Agent Workflows & Personas

Building four different agent architectures to solve the same problem - from simple loops to knowledge-dense approaches.

When building applications, I've found there's rarely one "correct" architecture. The same problem can be solved with radically different approaches, each with unique trade-offs in cost, speed, and quality.

I spent a week exploring this by building different agent architectures, all solving the same challenge: generate data visualizations using web components. Each architecture taught me something different about the trade-offs involved.

The Agentic Loop Foundation

Before diving into the personas, it's worth understanding the core pattern they all share. The runAgenticLoop function handles the Think -> Act -> Observe cycle that makes agents feel intelligent:

runAgenticLoop.ts
const runAgenticLoop = <TR extends Record<string, Tool.Any>>({
  chat,
  mailbox,
  toolkit,
  maxIterations = 12,
}: {
  chat: Chat.Service;
  mailbox: Mailbox.Mailbox<typeof ChatStreamPart.Type>;
  toolkit: Toolkit.WithHandler<TR>;
  maxIterations?: number;
}) =>
  Effect.iterate(
    {
      finishReason: "tool-calls",
      iteration: 0,
    },
    {
      while: (state) =>
        state.finishReason === "tool-calls" && state.iteration < maxIterations,
      body: (state) =>
        Effect.gen(function* () {
          const iteration = state.iteration + 1;
          yield* events.iterationStart(iteration);
 
          // Stream the chat response and process each part into the mailbox
          const finishReason = yield* Effect.gen(function* () {
            const events = createMailboxEvents(mailbox);
            const finishReasonRef = yield* Ref.make("stop");
            const toolParamsRef = yield* Ref.make(
              new Map<
                string,
                {
                  id: string;
                  name: string;
                  params: string;
                }
              >()
            );
 
            yield* chat
              .streamText({
                prompt: [],
                toolkit,
              })
              .pipe(
                Stream.runForEach(
                  // Process each part of the chat stream into the mailbox as needed
                  makePartToMailbox(events, finishReasonRef, toolParamsRef)
                ),
                Stream.runDrain
              );
 
            return yield* Ref.get(finishReasonRef);
          });
 
          return {
            finishReason,
            iteration,
          };
        }),
    }
  );

The key insight is that this loop is surprisingly simple - the complexity comes from how you configure it with different toolkits and system prompts.
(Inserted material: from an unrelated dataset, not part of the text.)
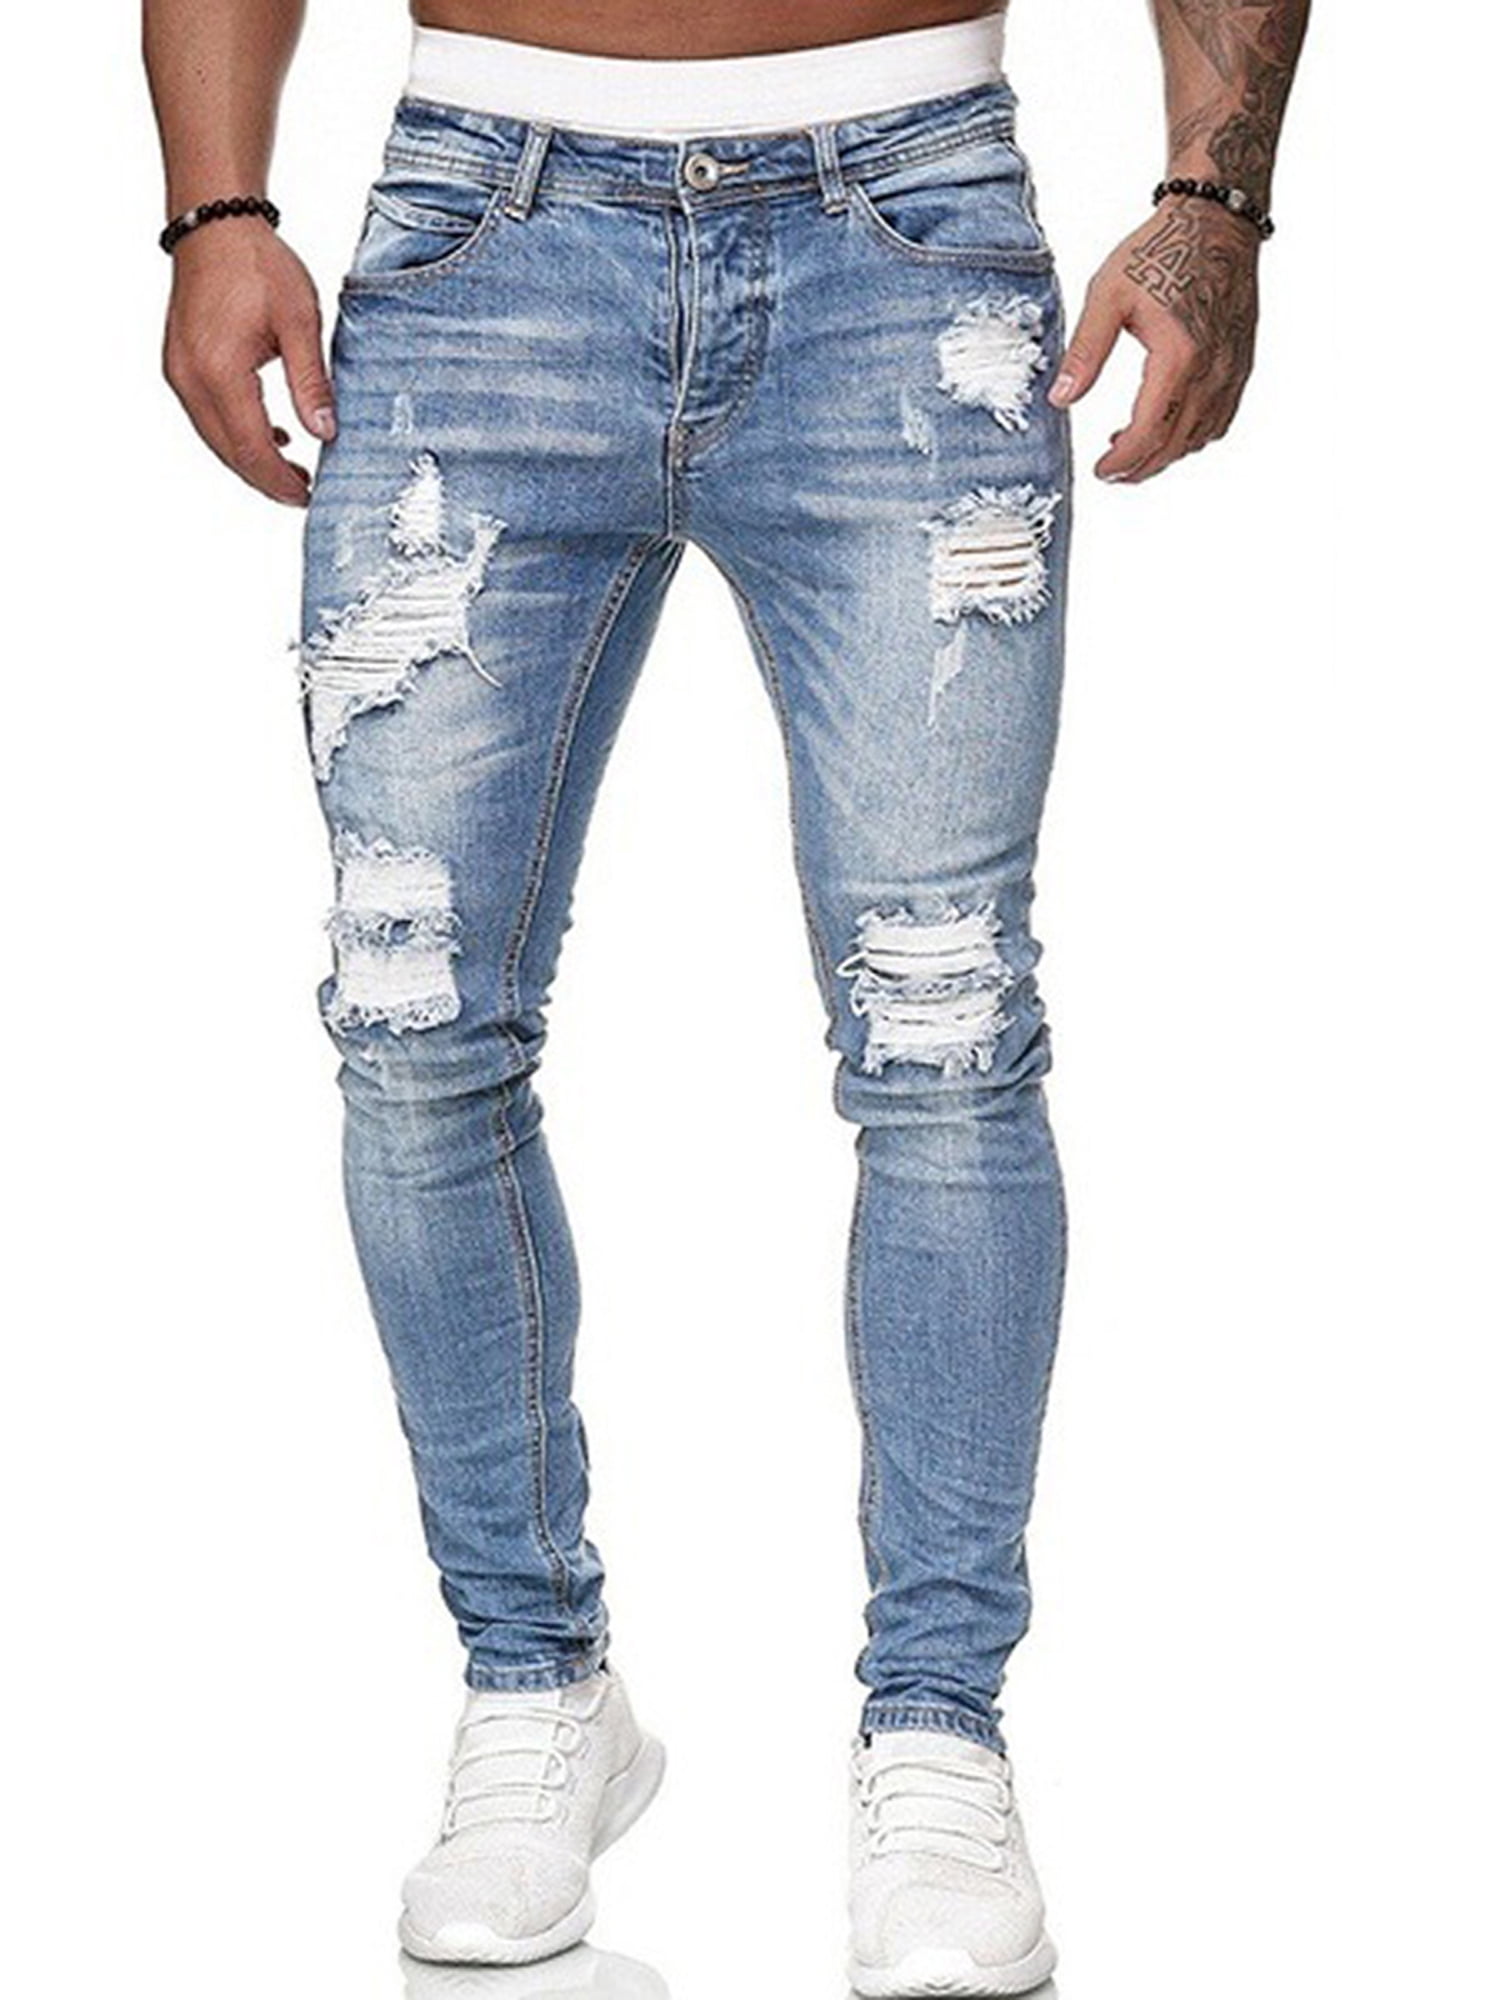 Cloudstyle Mens Ripped Biker Washed Jeans Skinny Fit Distressed India | Ubuy

Each persona is essentially a different configuration of this same core loop.

The Four Personas

Over a week of experimentation, I explored four distinct personas, each representing a different approach to context and tool use:

  1. The Craftsman - Tool-assisted chart builder with agentic loops
  2. The Vega - Minimal architecture using a simplified json specs
  3. The Oracle - All-knowing expert with full documentation in cache
  4. The Librarian - Resource retrieval specialist with on-demand docs

Each persona demonstrates a different balance between context size, tool reliance, and iteration count.

Simple Workflows

The Craftsman: Tool-Enforced Workflow

The Craftsman uses an agentic loop with structured tools, forcing all chart generation through deterministic function calls rather than direct markup writing.

Craftsman.ts
const craftsman = Effect.fn("craftsman")(function* (
  history: Array<Prompt.Message>
) {
  const mailbox = yield* Mailbox.make<typeof ChatStreamPart.Type>();
  const systemMessage = String.stripMargin(`
      |You are The Craftsman - a master builder who creates with tools, not by hand.
      |
      |## Your Character
      |You're a workshop artisan who takes pride in the craft. You "forge" visualizations, "shape" data, and "assemble" components. 
      |You narrate what you're building as you work: "Let me forge that bar chart..." or "I'll craft those axes now..."
      |You're satisfied when things come together: "Nicely crafted!", "Solid build!", "That came out clean!"
      |...
      `);
 
  // Fork the agentic loop to run in background
  yield* Effect.forkScoped(
    Effect.gen(function* () {
      const chat = yield* Chat.fromPrompt(
        Prompt.make(history).pipe(Prompt.setSystem(systemMessage))
      );
 
      const toolkit = yield* CraftsmanToolkit;
 
      yield* runAgenticLoop({
        chat,
        mailbox,
        toolkit,
      });
    }).pipe(Effect.ensuring(mailbox.end))
  );
 
  return mailbox;
});

The Craftsman gave me great transparency since every tool call is visible, but it's expensive in tokens when 12 iterations add up. On the positive side, it's self-healing and can retry with different approaches, and debugging is easier since tool calls are explicit. I found myself preferring this pattern when I needed to understand exactly what the agent was doing.

The JSON Schema Challenge

My first approach was to use generateObject from @effect/ai to create JSON Schema definitions for web components. I thought a whole API could be described in the schema and the LLM could use this as sort of an API spec. However I quickly discovered that the token limit for such a schema was around 23k tokens, which for any real world application would be far too limiting.

When trying to generate with these large schemas, I hit Anthropic's rate limit:

Rate Limited - This request would exceed the rate limit for your organization
of 30,000 input tokens per minute.

The request was using 35,402 input tokens - the schema alone consumed most of the context window!

We explored different approaches such as:

This taught me an important lesson: JSON Schema is powerful for validation, but too verbose for generation context. The $ref keyword isn't supported in Anthropic's structured output, which meant nested schemas had to be fully inlined, tripling the token usage.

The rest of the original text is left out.